BRIEF: In your reply, repeat the full listing exactly and leave each picture out.

─── DATA PROVIDED

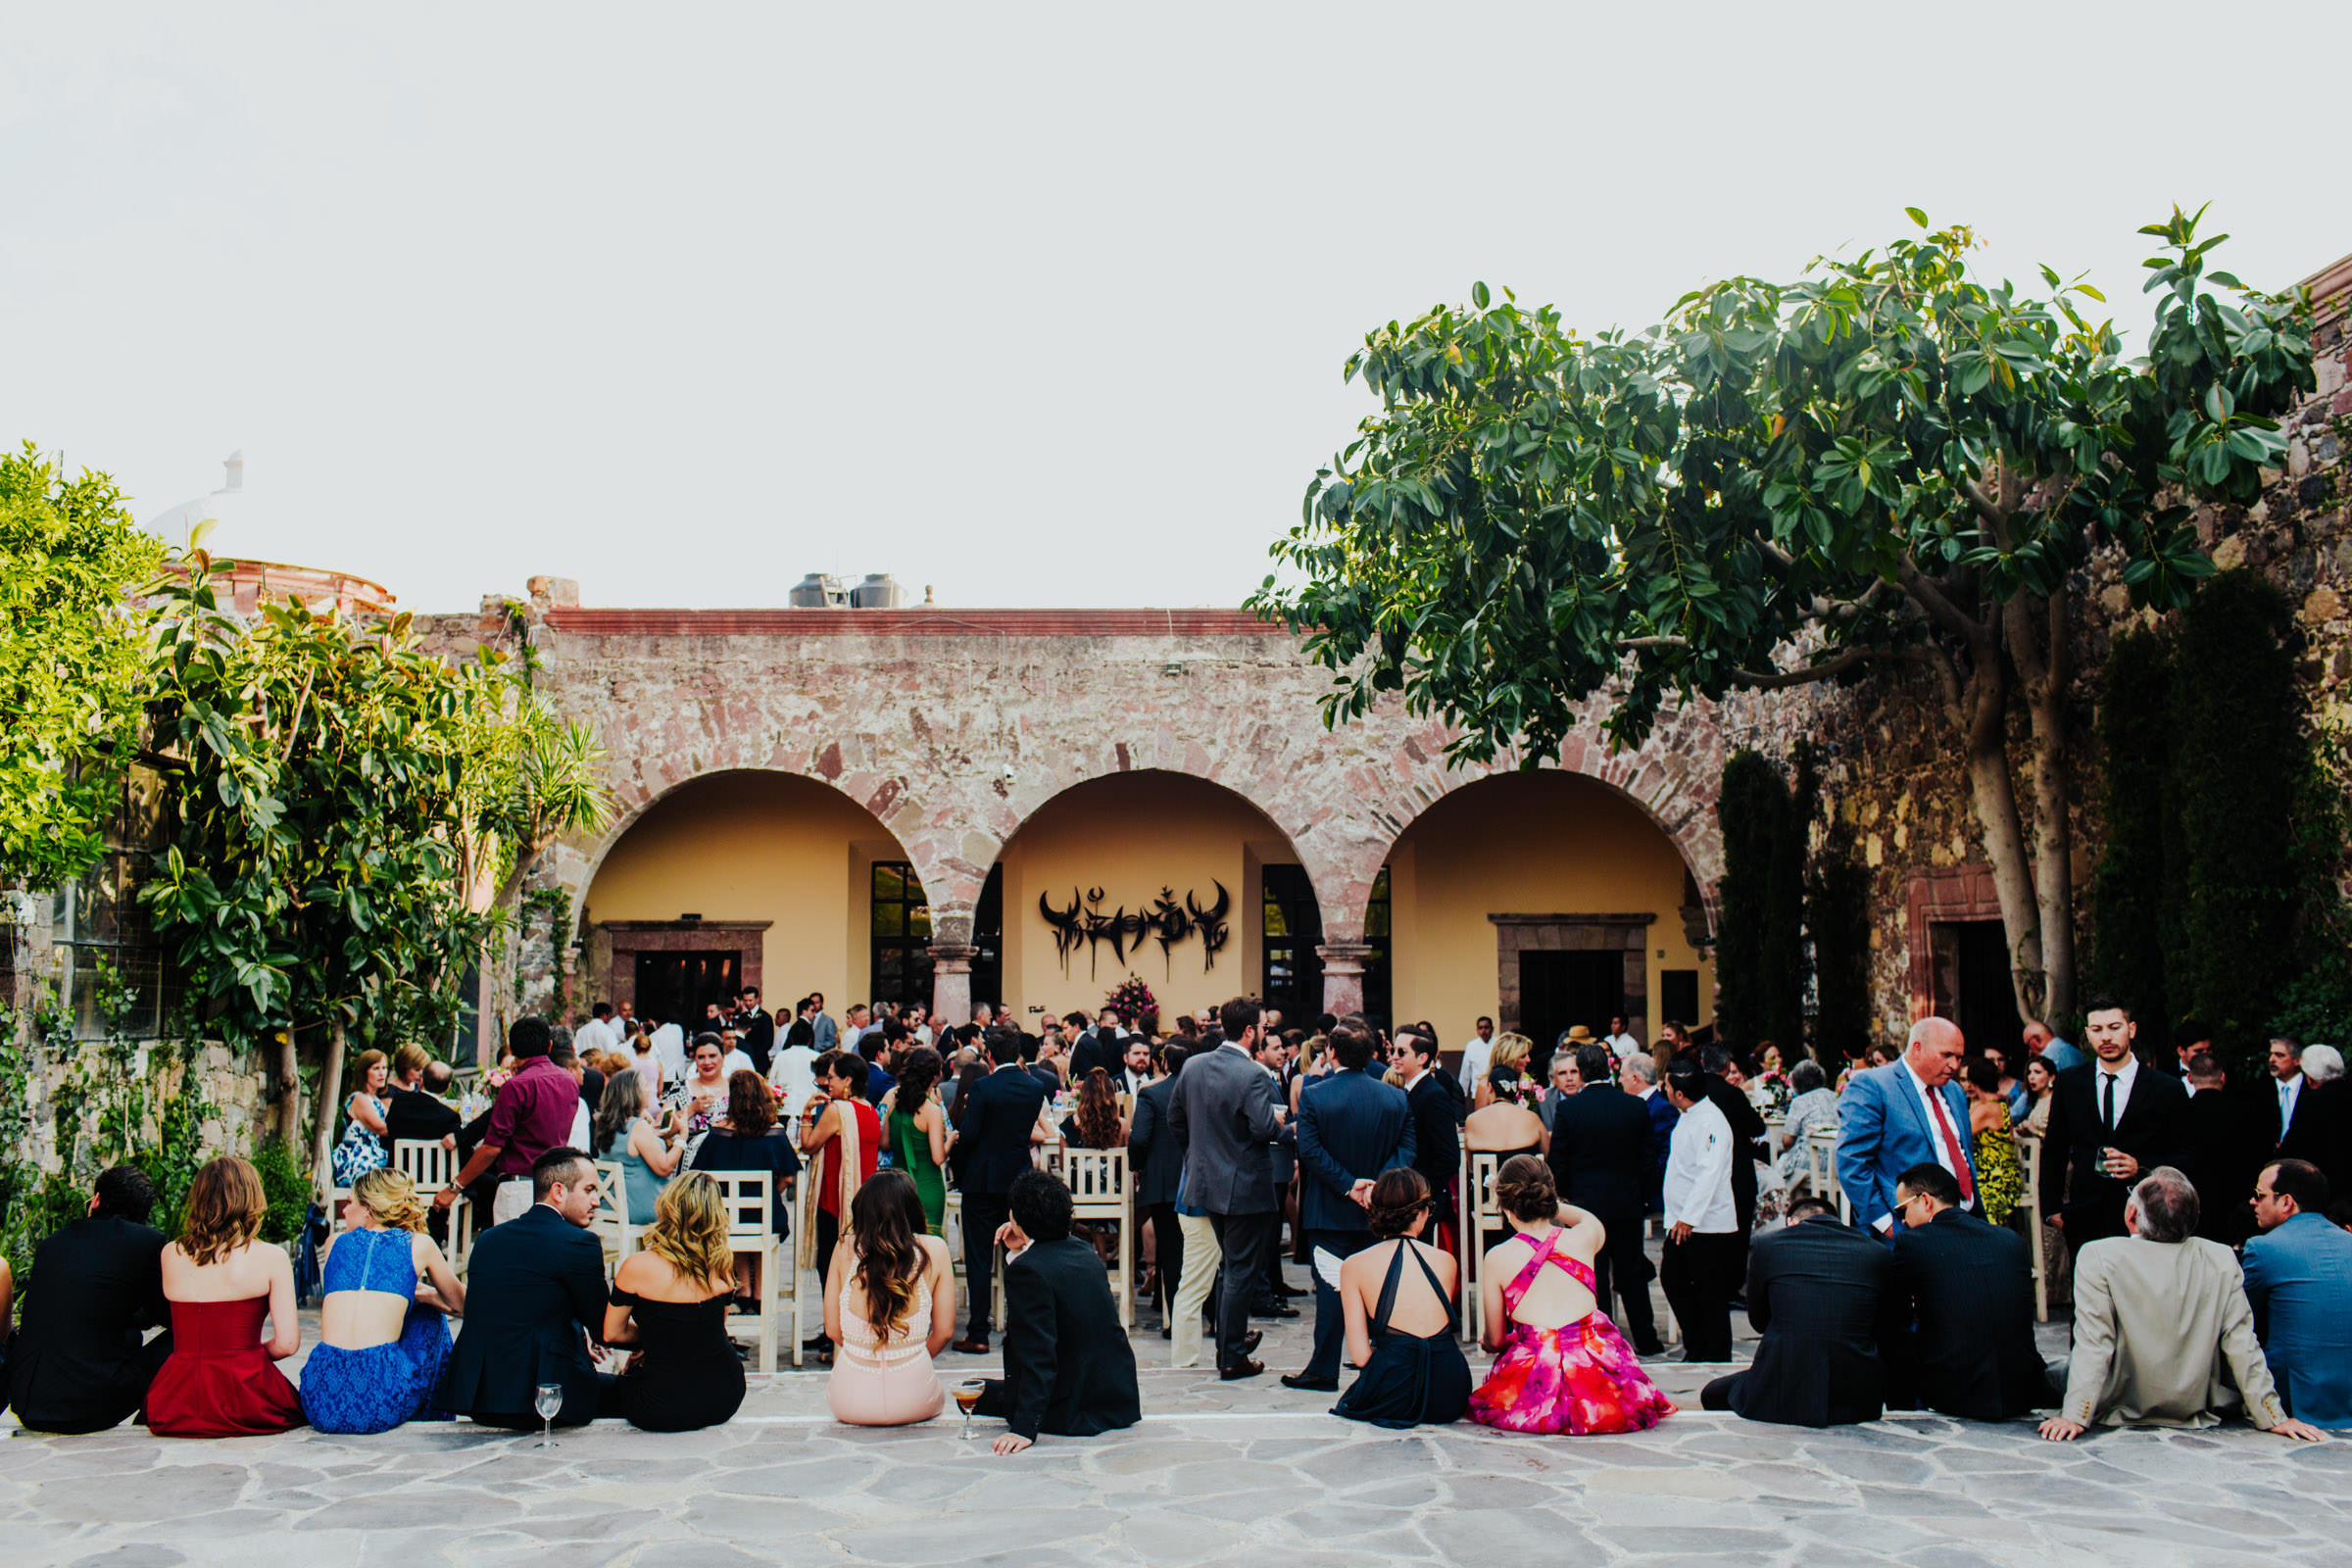 San-Miguel-de-Allende-Wedding-Photography-Parroquia-Instituto-Boda-Fotografia-Fer-Sergio-Pierce-Lifestyle-Photography0008.JPG
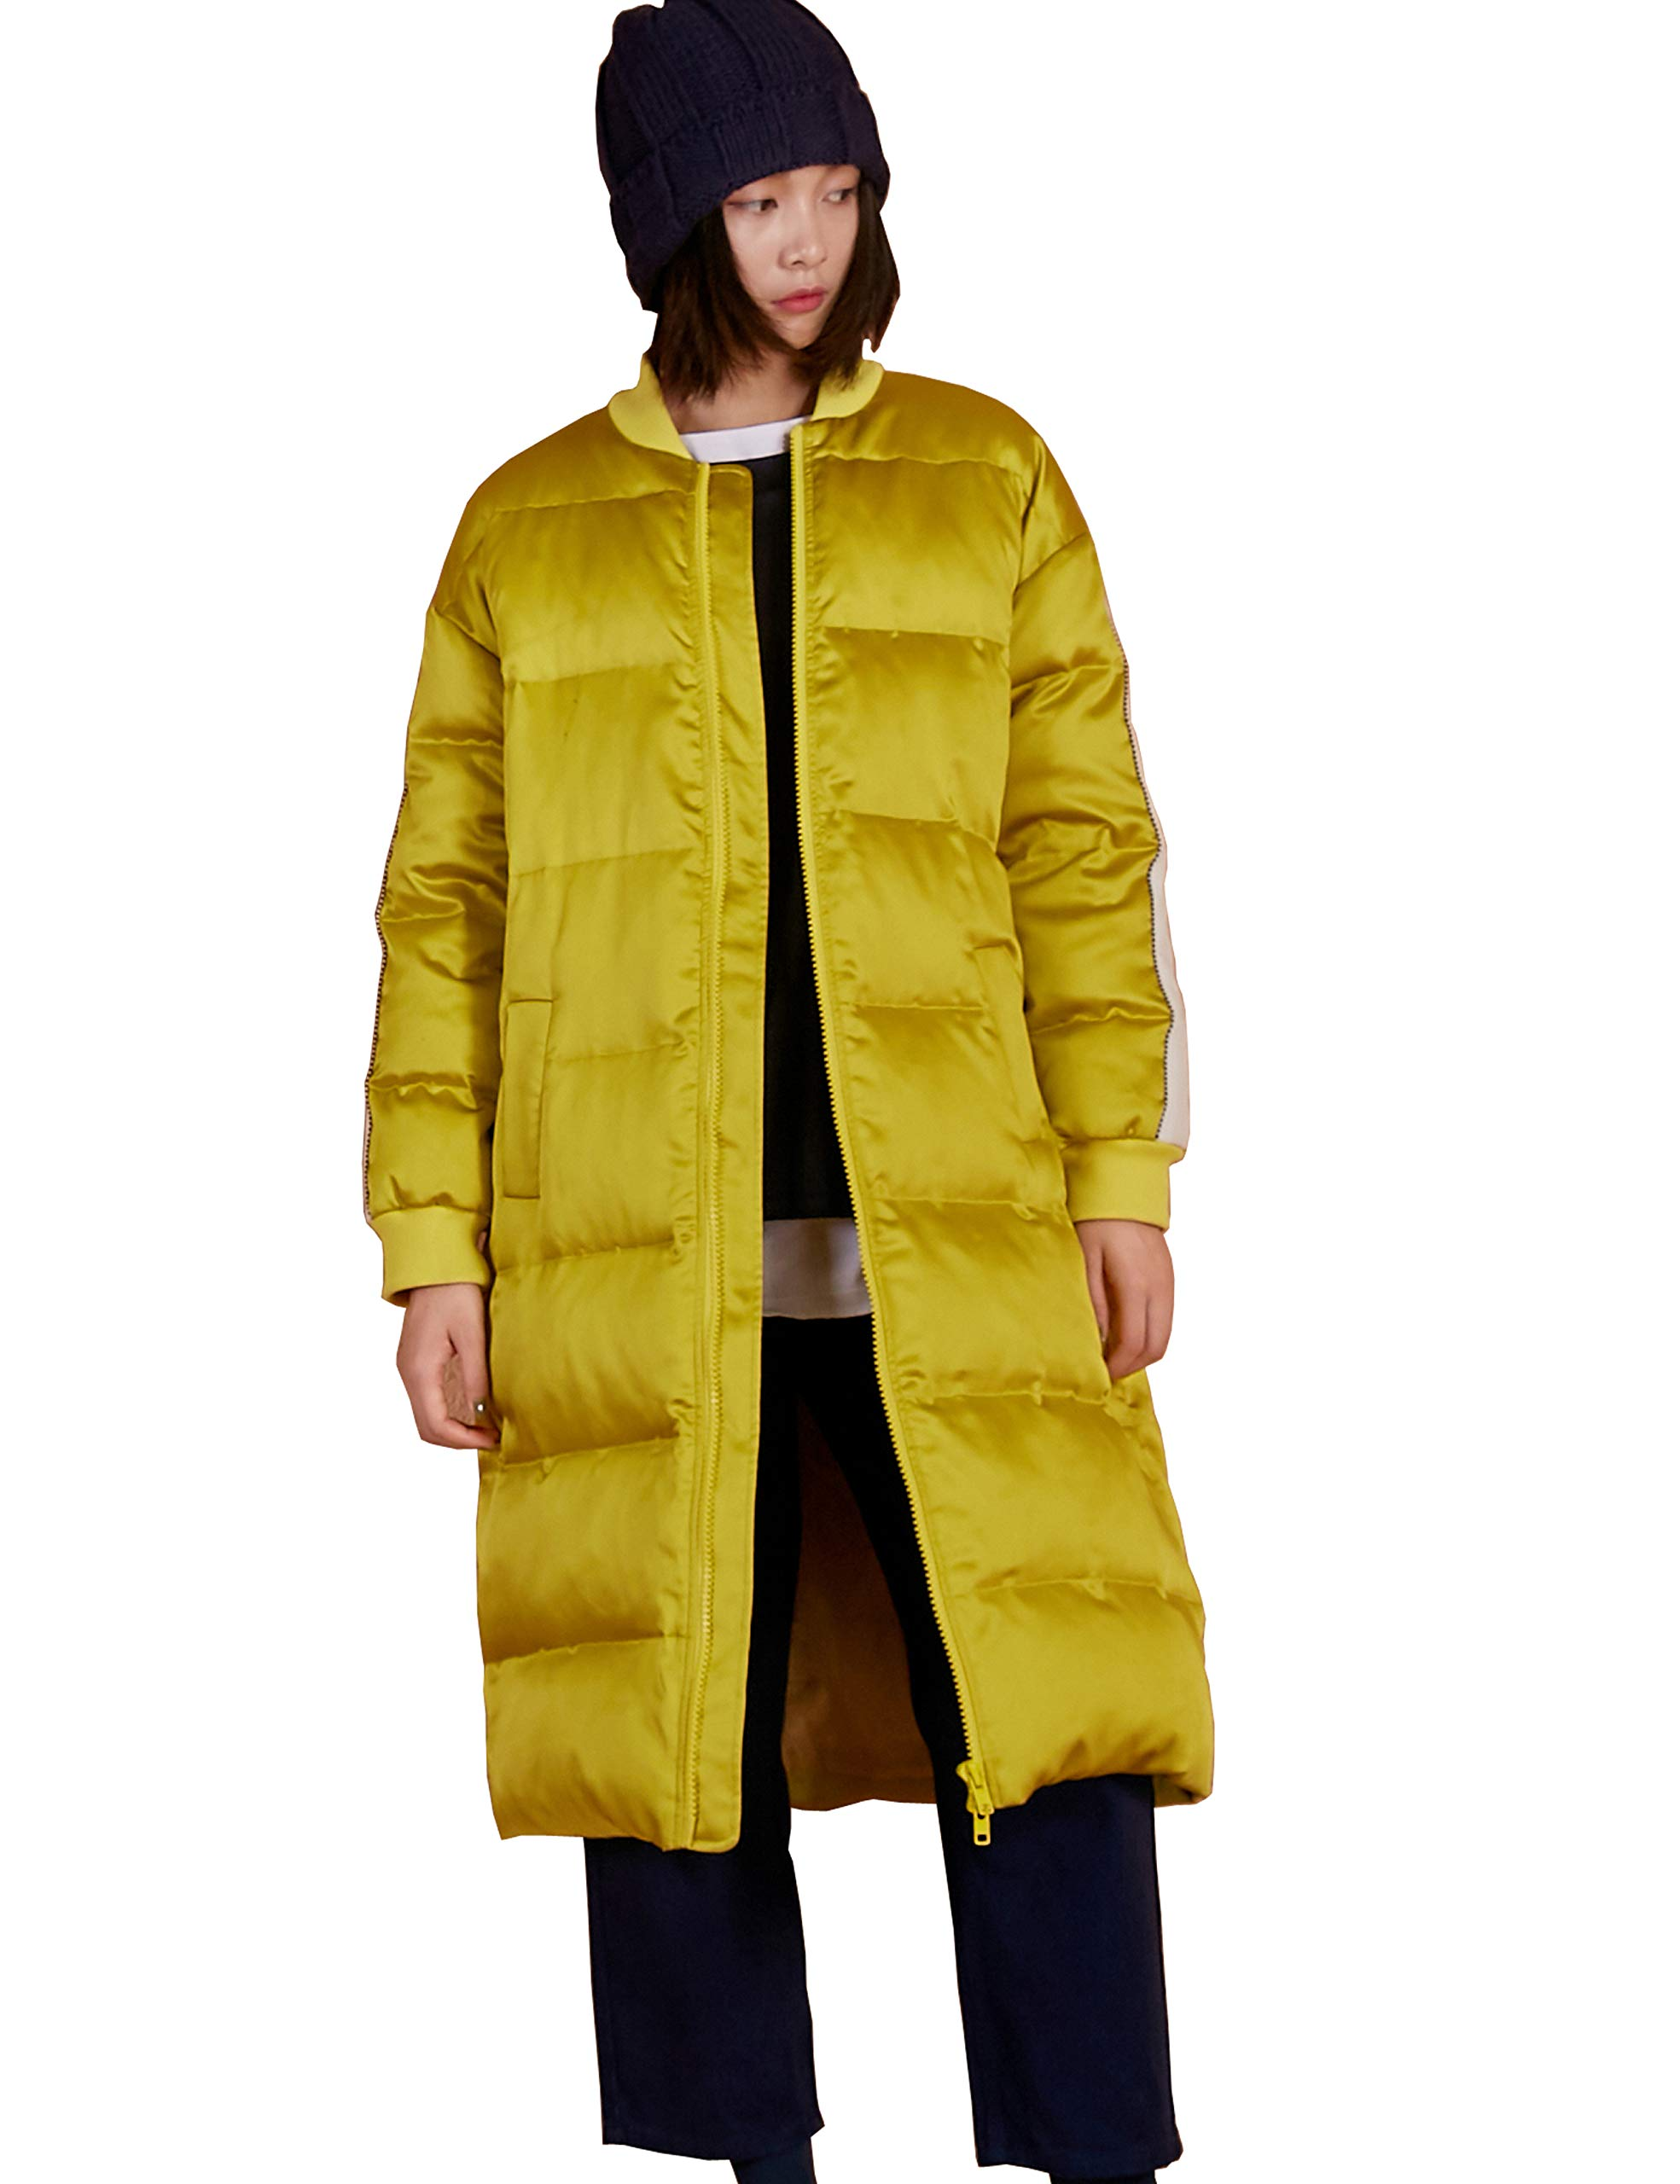 Elf Sack Women Thickened Long Down Parkar, Baseball Style Puffer Down Jacket Winter Outwear Coat
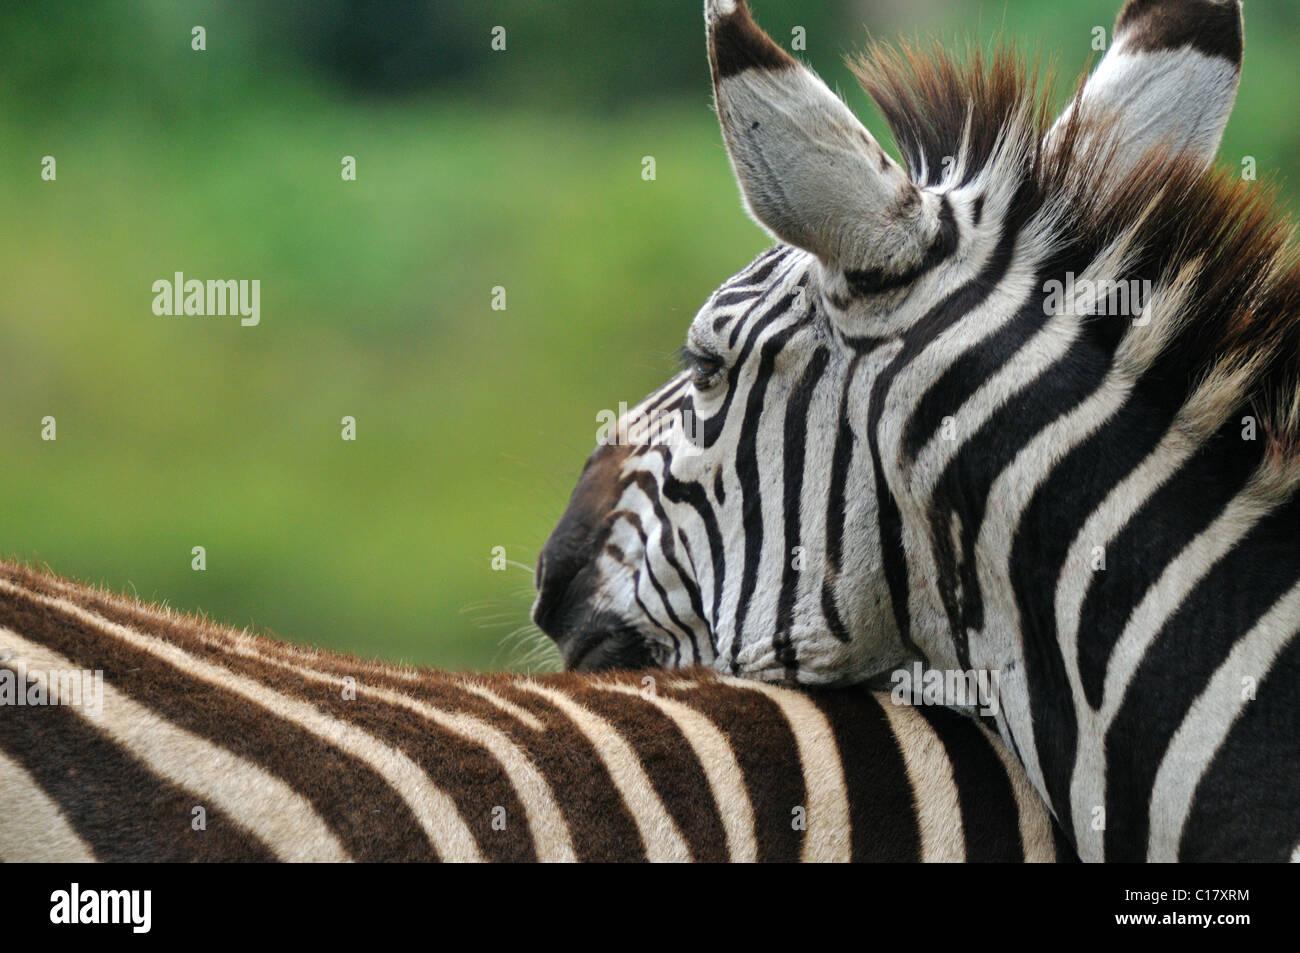 Zebra près d'Arusha en Tanzanie Photo Stock

──────

EXERCISE RESULT:
 San-Miguel-de-Allende-Wedding-Photography-Parroquia-Instituto-Boda-Fotografia-Fer-Sergio-Pierce-Lifestyle-Photography0008.JPG
 Elf Sack Women Thickened Long Down Parkar, Baseball Style Puffer Down Jacket Winter Outwear Coat
 Zebra près d'Arusha en Tanzanie Photo Stock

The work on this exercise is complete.